Contributing guidelines:
-
Update the
README
file with a bullet point refering to your dataset, following the same format including: title, brief explanation, download link, source link, file type. -
If you have access to the raw dataset upload it to the repo inside a folder. The name of the folder should minimally describe the data inside. Consider adding a document briefly explaining the metrics along with the files if needed.
-
Use the source link on the
README
paragraph to credit the person who made the data available, or the original location where the dataset can be found. If this is your own dataset then credit yourself! The source link is important, so users know where to go to learn more about each specific dataset.

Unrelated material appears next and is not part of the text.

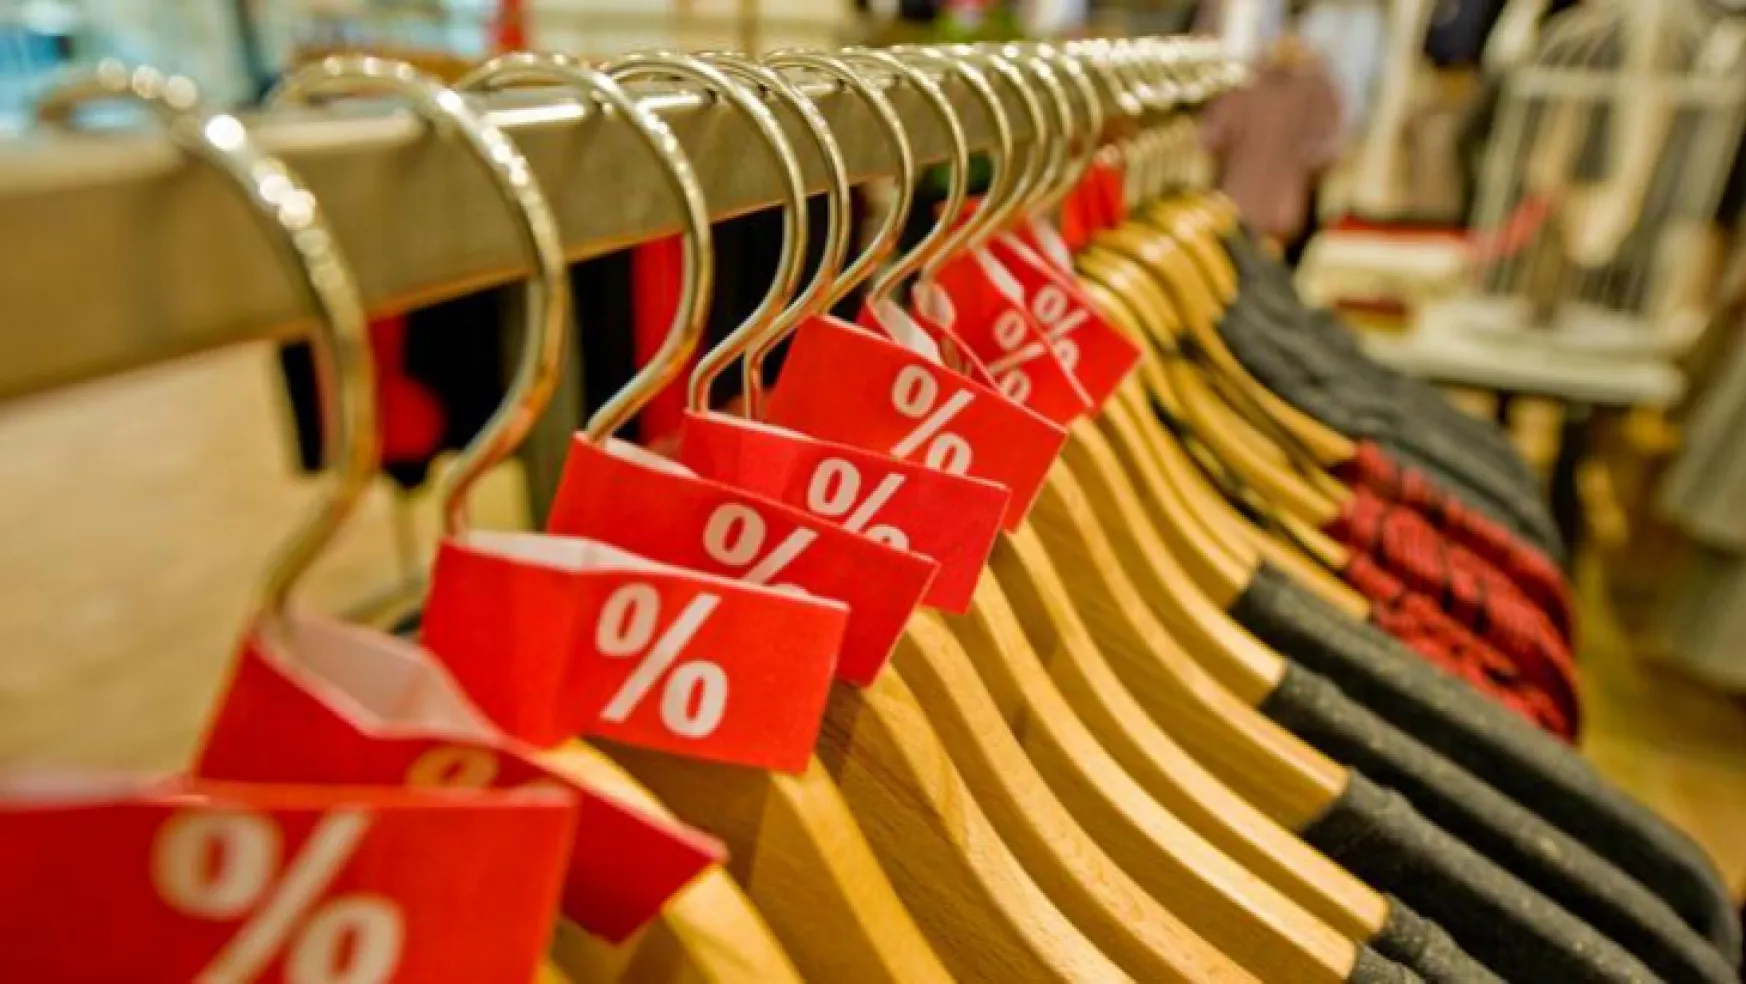 Perakende satış hacmi aylık yüzde 4,8 arttı
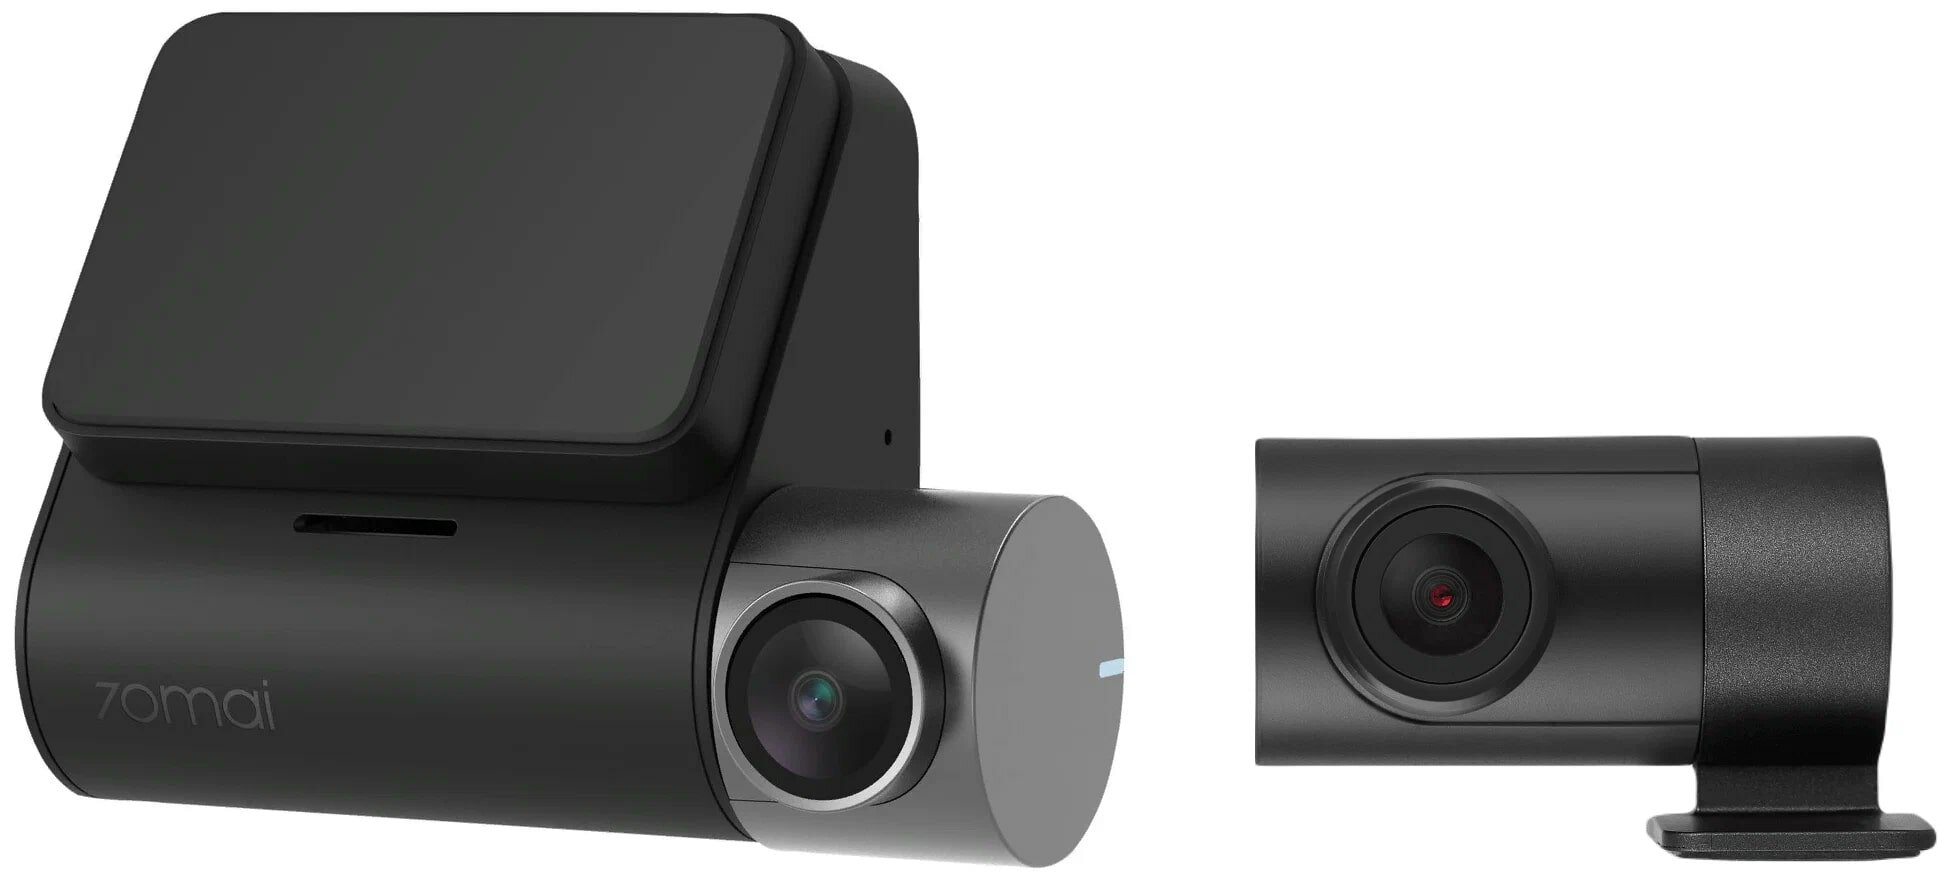 Видеорегистратор 70mai A500S Pro Plus+, с задней камерой, черный

Topics of interest include:
- optical/sensor athlete tracking
- athlete monitoring data
- physical profiling
- Sport physiology data
- injuries
- schedule & travel metrics
- sport biomechanics
- video materials
- etc.
Companies that provide data through technology are also welcome to upload sample datasets as a way to help sport scientists become more familiar with the data.
If not sure about how to make a contribution, here is a tutorial that explains how to contribute to a github project: Link
Thanks for your contribution!
Special thanks to the companies and individuals that made these datasets public. Please check the source
link on each dataset to visit the original resource.
The aim of this repository is to feature and provide direct access to datasets that are currently publicly available or that someone wishes to make available for others to use. We don't do any modifications on the datasets.